Respiratory Diseases Unit, Department of Medical and Surgical Sciences, University Hospital of Modena, University of Modena Reggio Emilia, Modena, Italy.
Laboratory of Cell Therapies and Respiratory Medicine, Department of Medical and Surgical Sciences for Children and Adults, University Hospital of Modena, Modena, Italy.
Sci Rep. 2024 Jun 7;14(1):13158. doi: 10.1038/s41598-024-63670-z.
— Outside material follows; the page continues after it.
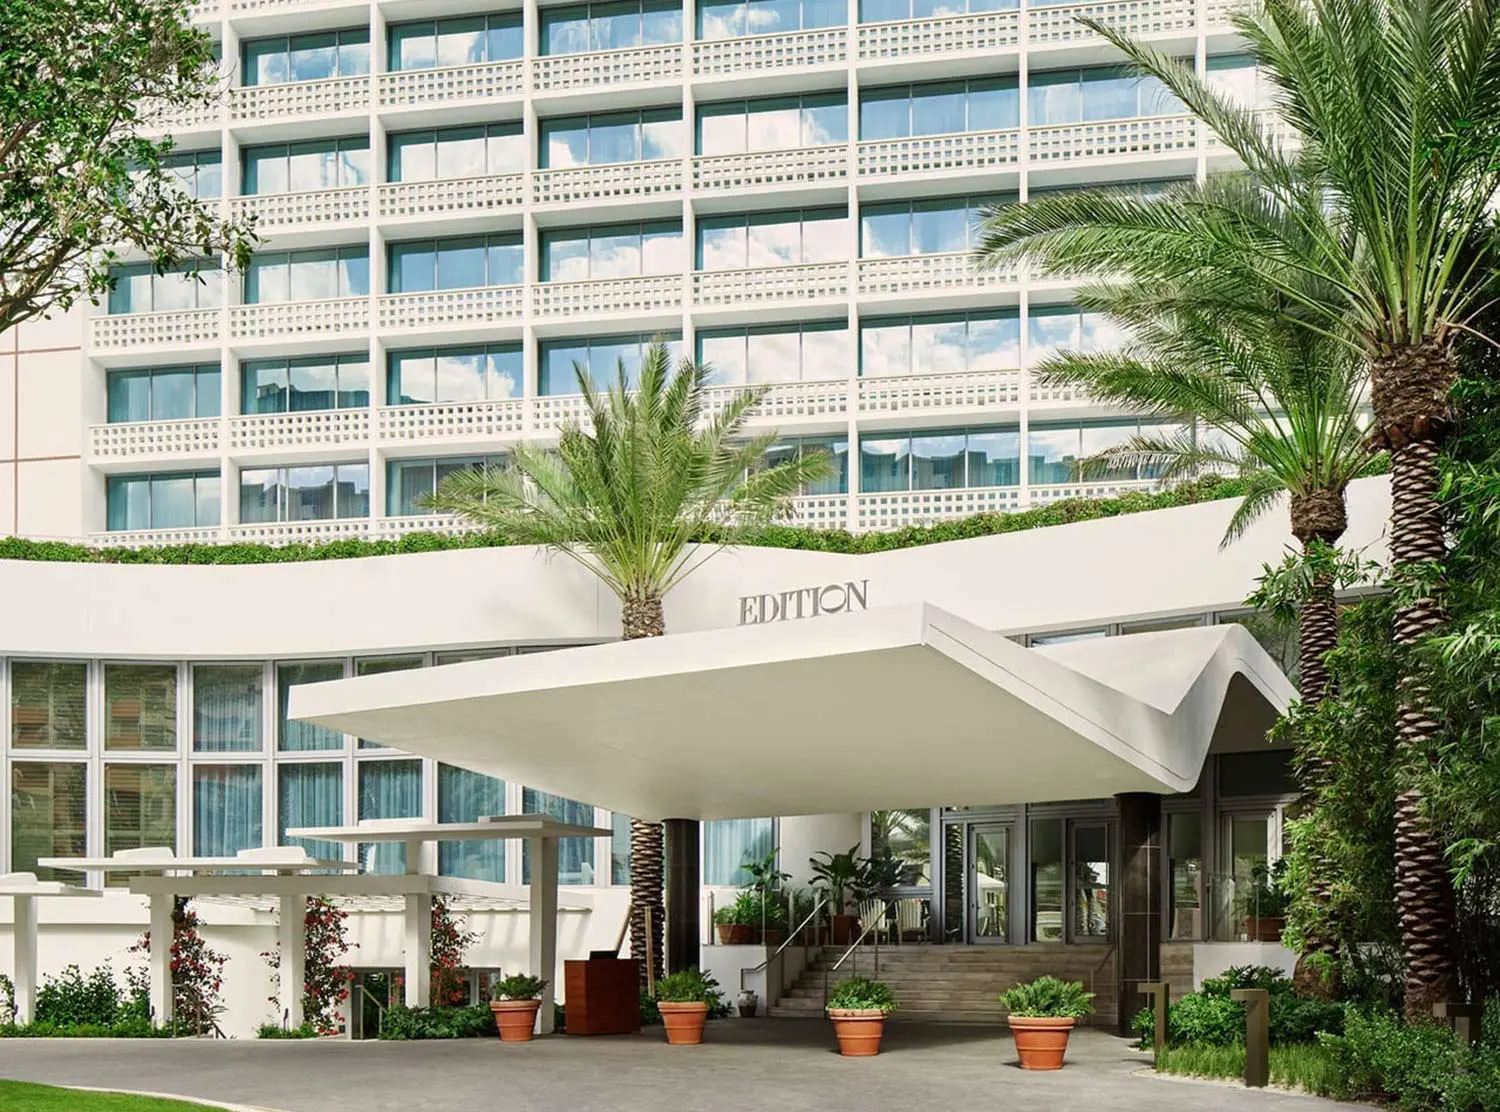 Full-on beach-meets-urban resort at the Miami Beach EDITION

Patients with acute exacerbation of lung fibrosis with usual interstitial pneumonia (EUIP) pattern are at increased risk for ventilator-induced lung injury (VILI) and mortality when exposed to mechanical ventilation (MV). Yet, lack of a mechanical model describing UIP-lung deformation during MV represents a research gap. Aim of this study was to develop a constitutive mathematical model for UIP-lung deformation during lung protective MV based on the stress-strain behavior and the specific elastance of patients with EUIP as compared to that of acute respiratory distress syndrome (ARDS) and healthy lung. Partitioned lung and chest wall mechanics were assessed for patients with EUIP and primary ARDS (1:1 matched based on body mass index and PaO/FiO ratio) during a PEEP trial performed within 24 h from intubation. Patient's stress-strain curve and the lung specific elastance were computed and compared with those of healthy lungs, derived from literature. Respiratory mechanics were used to fit a novel mathematical model of the lung describing mechanical-inflation-induced lung parenchyma deformation, differentiating the contributions of elastin and collagen, the main components of lung extracellular matrix. Five patients with EUIP and 5 matched with primary ARDS were included and analyzed. Global strain was not different at low PEEP between the groups. Overall specific elastance was significantly higher in EUIP as compared to ARDS (28.9 [22.8-33.2] cmHO versus 11.4 [10.3-14.6] cmHO, respectively). Compared to ARDS and healthy lung, the stress/strain curve of EUIP showed a steeper increase, crossing the VILI threshold stress risk for strain values greater than 0.55. The contribution of elastin was prevalent at lower strains, while the contribution of collagen was prevalent at large strains. The stress/strain curve for collagen showed an upward shift passing from ARDS and healthy lungs to EUIP lungs. During MV, patients with EUIP showed different respiratory mechanics, stress-strain curve and specific elastance as compared to ARDS patients and healthy subjects and may experience VILI even when protective MV is applied. According to our mathematical model of lung deformation during mechanical inflation, the elastic response of UIP-lung is peculiar and different from ARDS. Our data suggest that patients with EUIP experience VILI with ventilatory setting that are lung-protective for patients with ARDS.
具有寻常型间质性肺炎(UIP)模式的肺纤维化急性加重患者在接受机械通气(MV)时,发生呼吸机诱导肺损伤(VILI)和死亡的风险增加。然而,缺乏描述 UIP 肺在 MV 期间变形的机械模型是一个研究空白。本研究的目的是基于 UIP 患者的应变-应力行为和特定弹性与急性呼吸窘迫综合征(ARDS)和健康肺的比较,为 UIP 肺在保护性 MV 期间的变形建立一个本构数学模型。对 UIP 患者和原发性 ARDS 患者(根据 BMI 和 PaO/FiO 比值进行 1:1 匹配)在插管后 24 小时内进行的 PEEP 试验中,评估肺和胸壁力学。计算患者的应变-应力曲线和肺特定弹性,并与文献中健康肺的结果进行比较。使用呼吸力学来拟合一种新的描述机械充气诱导肺实质变形的肺数学模型,区分弹性蛋白和胶原蛋白(肺细胞外基质的主要成分)的贡献。共纳入和分析了 5 例 UIP 患者和 5 例原发性 ARDS 患者。两组在低 PEEP 时整体应变没有差异。与 ARDS 相比,UIP 的整体特定弹性明显更高(分别为 28.9[22.8-33.2]cmH2O 和 11.4[10.3-14.6]cmH2O)。与 ARDS 和健康肺相比,UIP 的应变-应力曲线在应变值大于 0.55 时表现出更陡峭的增加,超过了 VILI 风险的阈值应变。在较低的应变时,弹性蛋白的贡献占主导地位,而在较大的应变时,胶原蛋白的贡献占主导地位。胶原的应变-应力曲线从 ARDS 和健康肺转移到 UIP 肺时出现向上移动。在 MV 期间,与 ARDS 患者和健康受试者相比,UIP 患者表现出不同的呼吸力学、应变-应力曲线和特定弹性,即使应用保护性 MV,也可能发生 VILI。根据我们在机械充气过程中肺变形的数学模型,UIP 肺的弹性反应是特殊的,与 ARDS 不同。我们的数据表明,在为 ARDS 患者提供保护性通气的情况下,UIP 患者会发生 VILI。